Supplied information
□ □ □

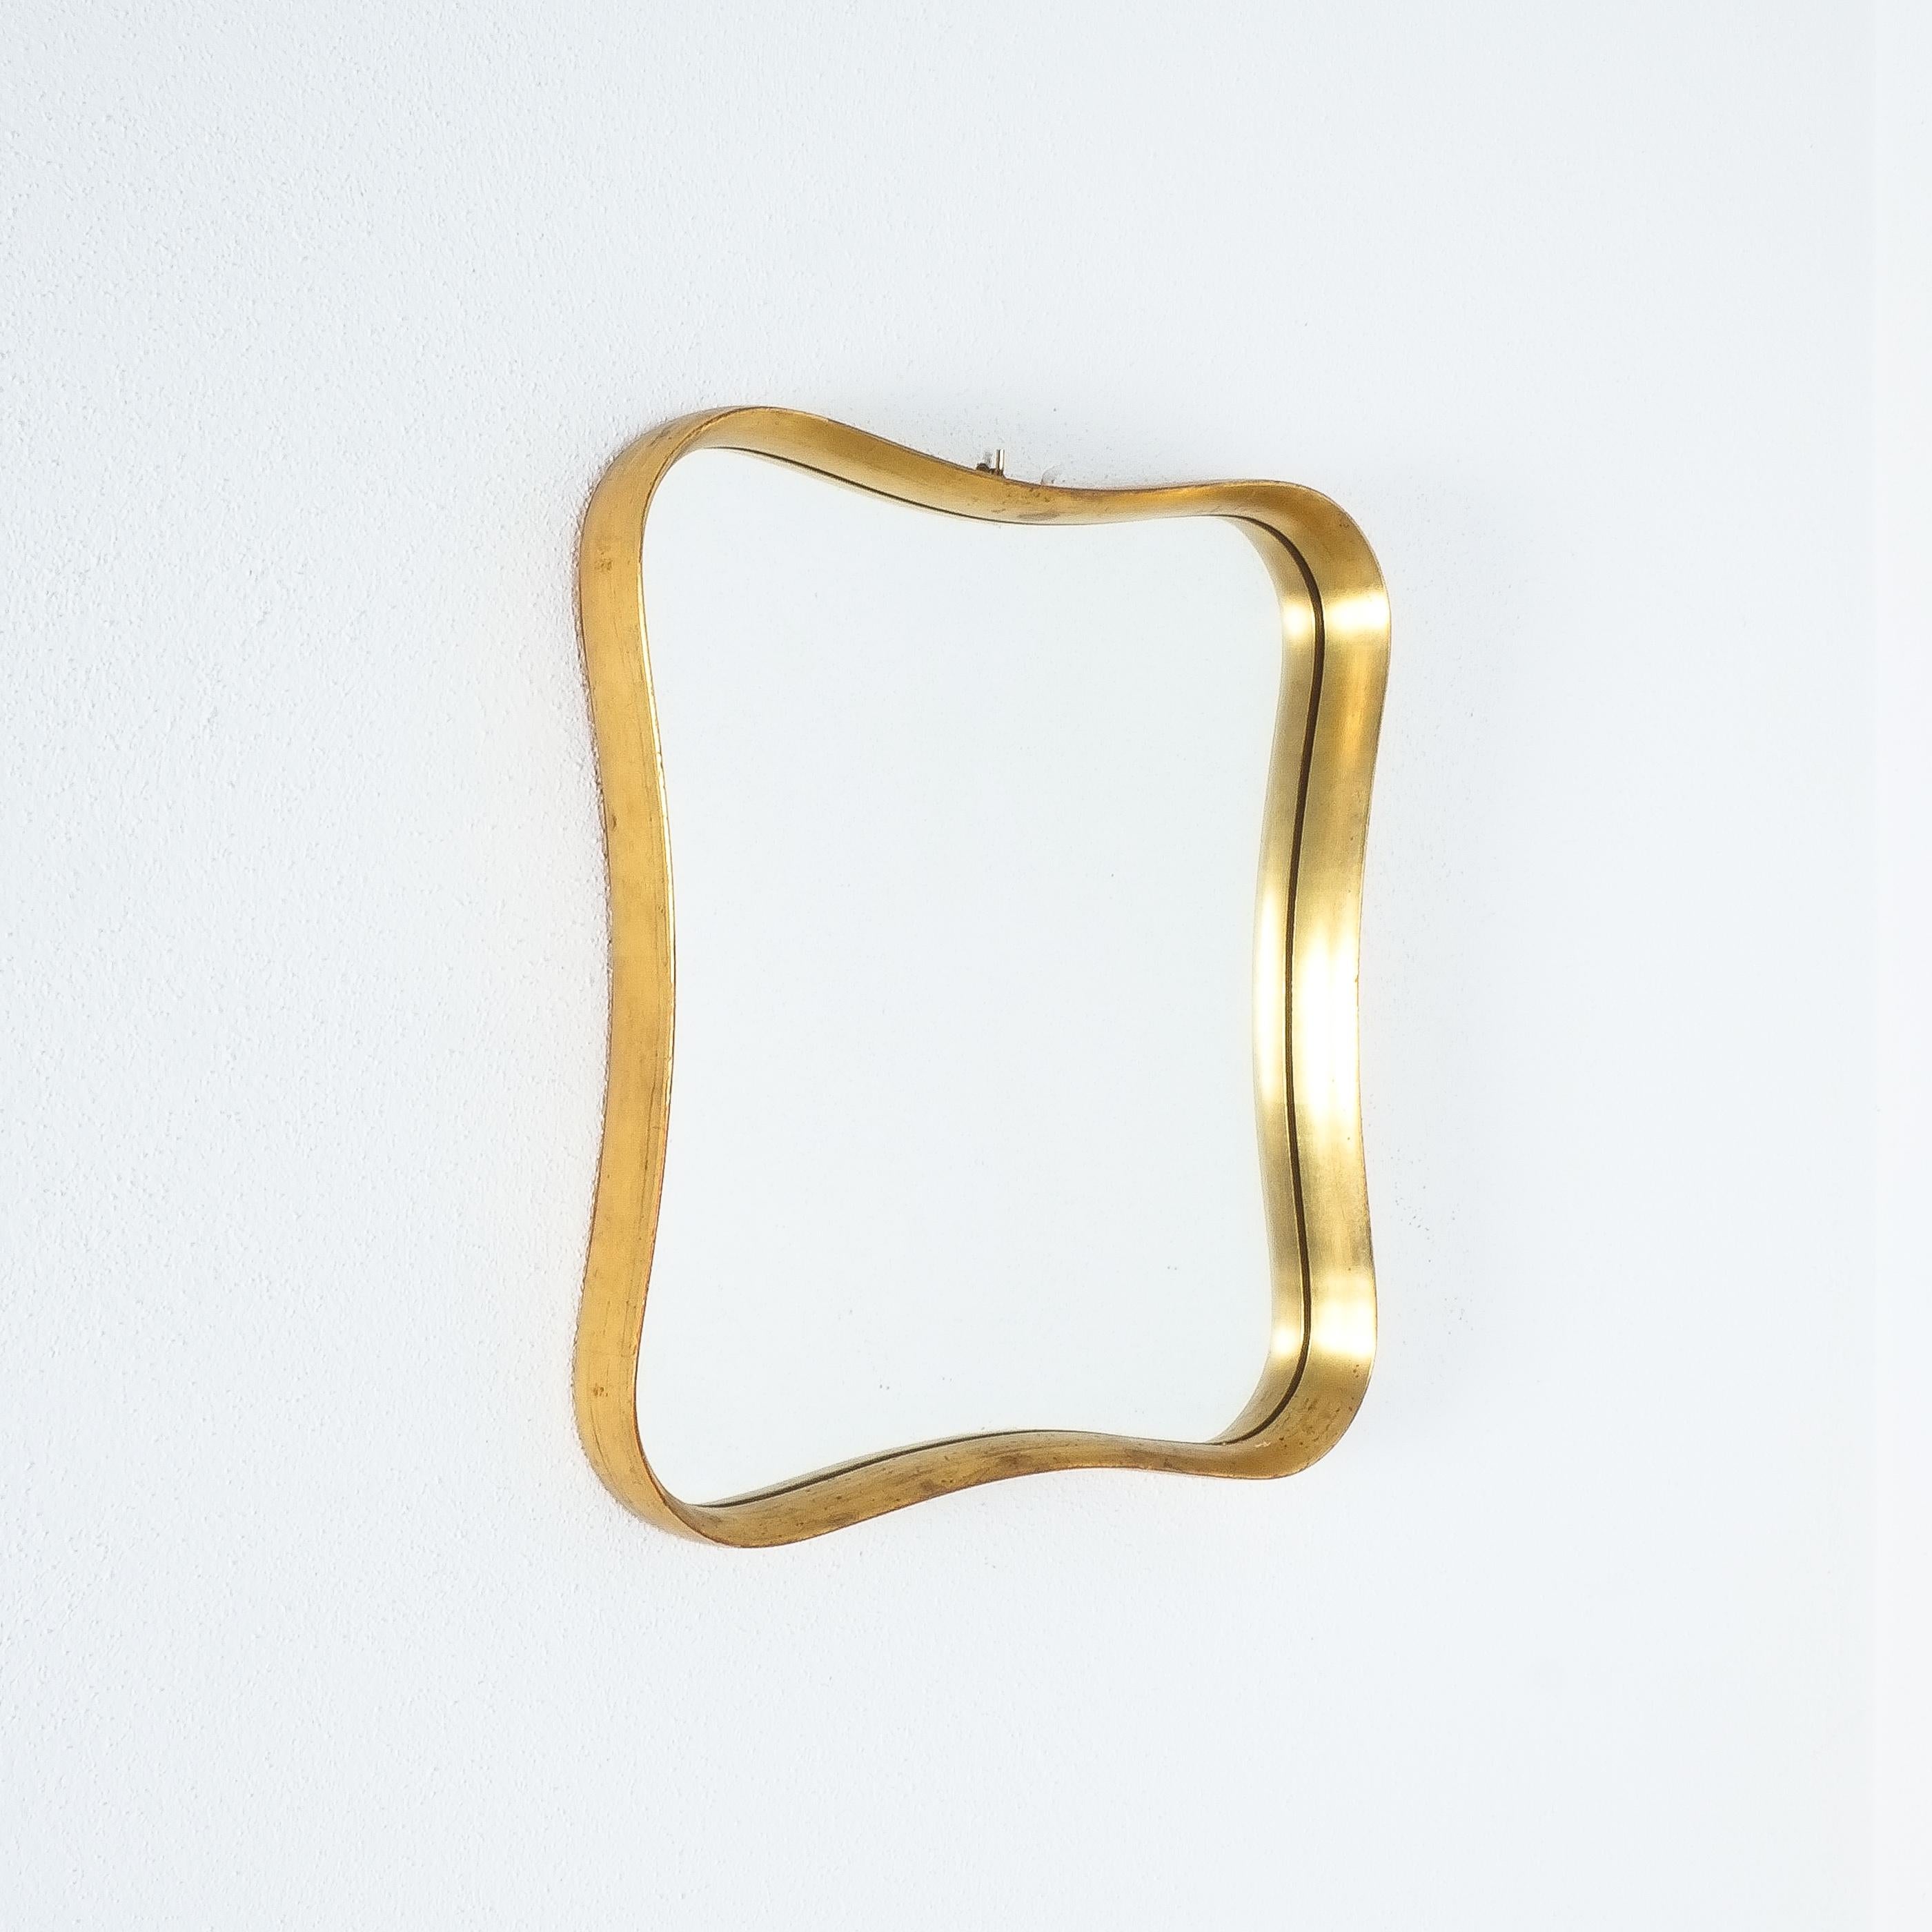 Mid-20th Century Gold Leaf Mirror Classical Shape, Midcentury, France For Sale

□ □ □

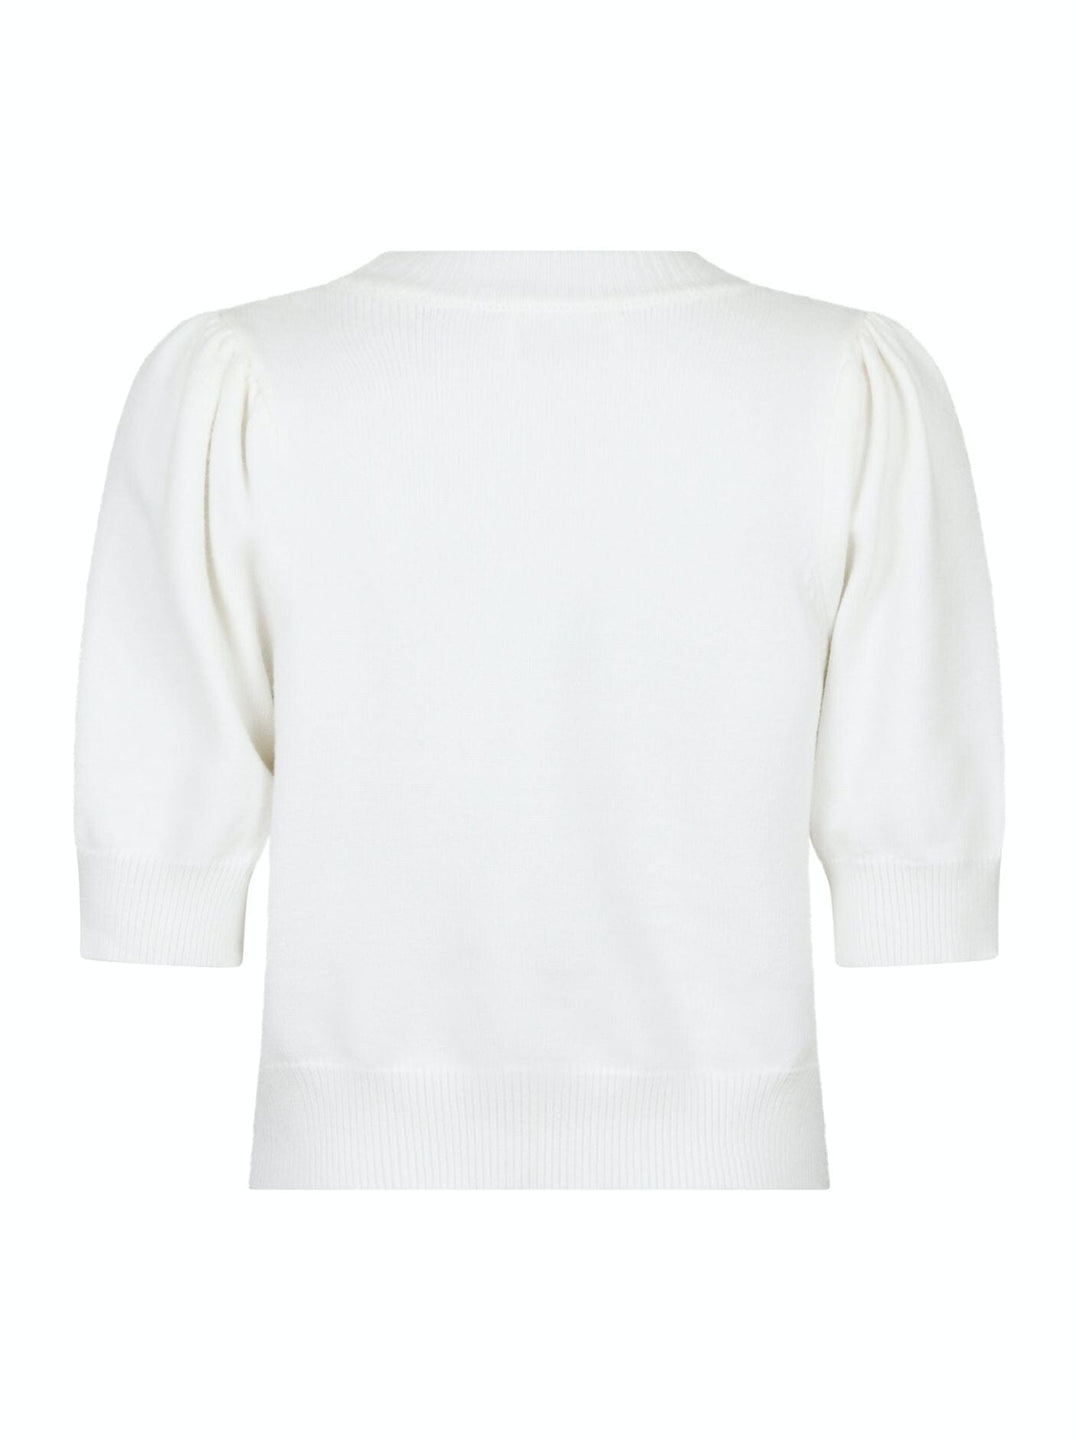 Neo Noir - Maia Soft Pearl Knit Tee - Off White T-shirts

□ □ □

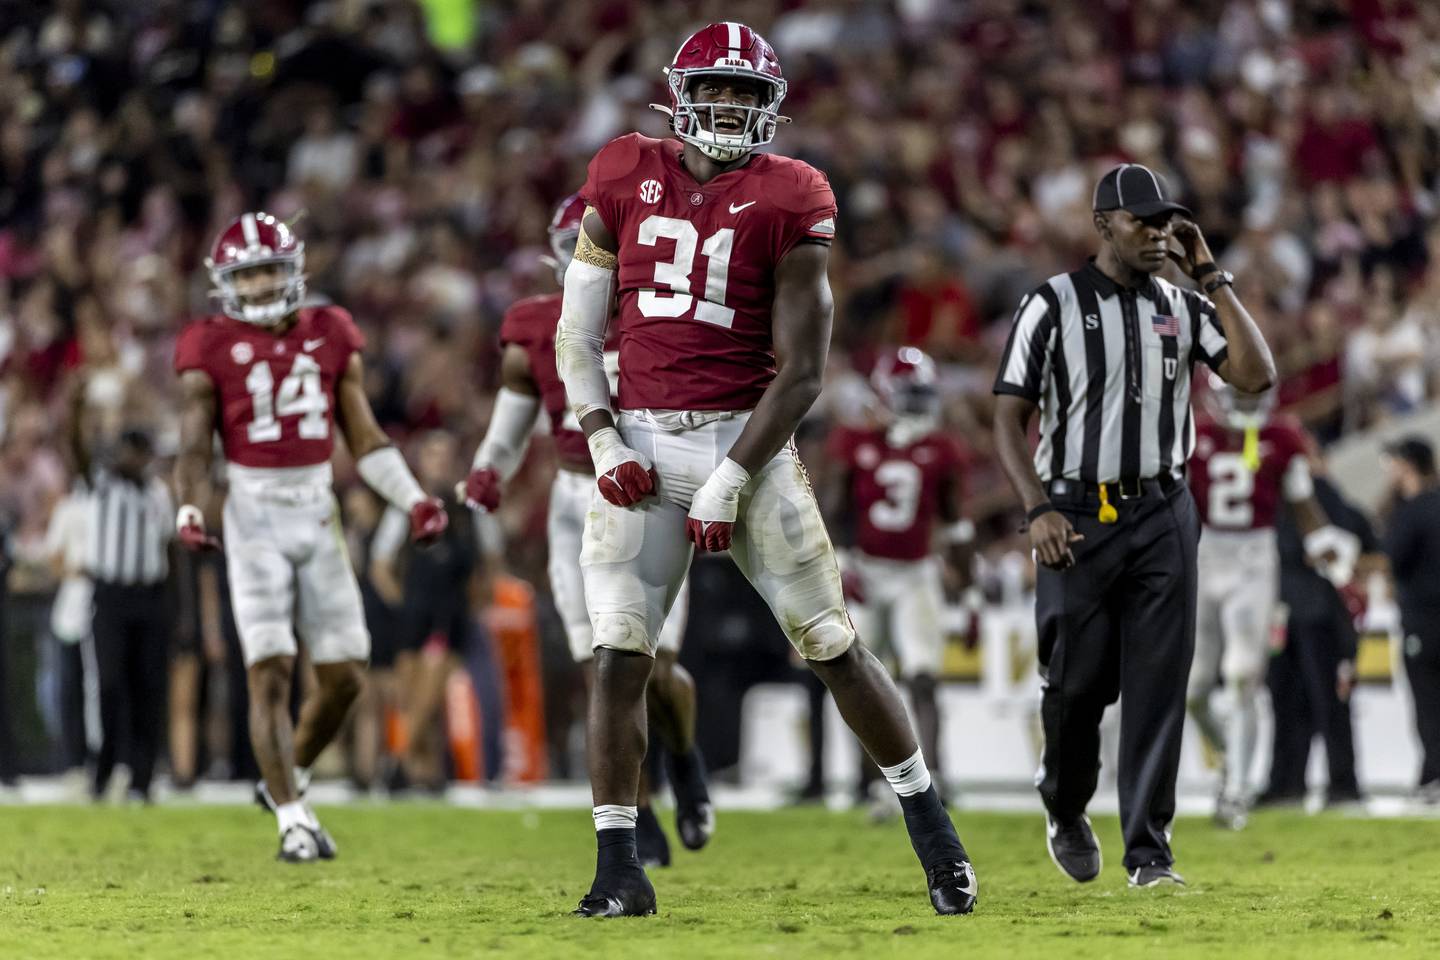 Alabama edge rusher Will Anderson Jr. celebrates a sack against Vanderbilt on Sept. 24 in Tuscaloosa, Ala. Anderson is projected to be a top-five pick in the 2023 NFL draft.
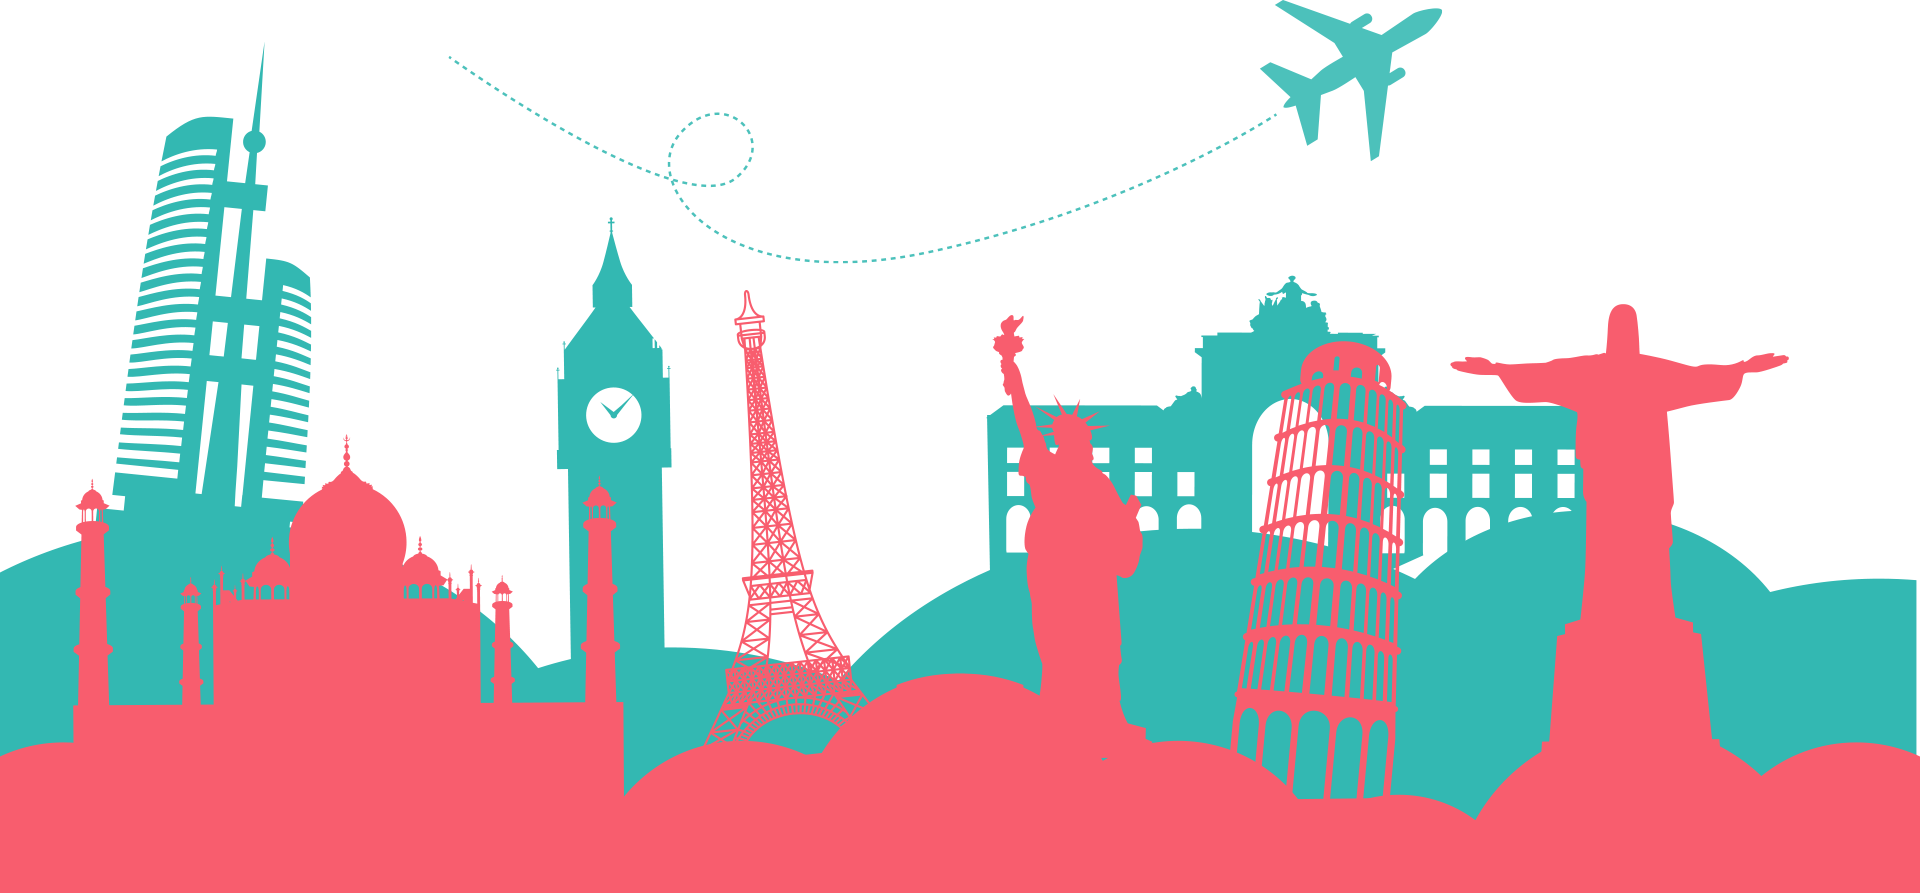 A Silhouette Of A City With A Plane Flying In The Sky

□ □ □

Using the records above, print exactly the lines between the ones containing "Alabama edge rusher" and "A Silhouette Of", inclusive, and nothing else; no pictures.

Response to the exercise
 Alabama edge rusher Will Anderson Jr. celebrates a sack against Vanderbilt on Sept. 24 in Tuscaloosa, Ala. Anderson is projected to be a top-five pick in the 2023 NFL draft.
 A Silhouette Of A City With A Plane Flying In The Sky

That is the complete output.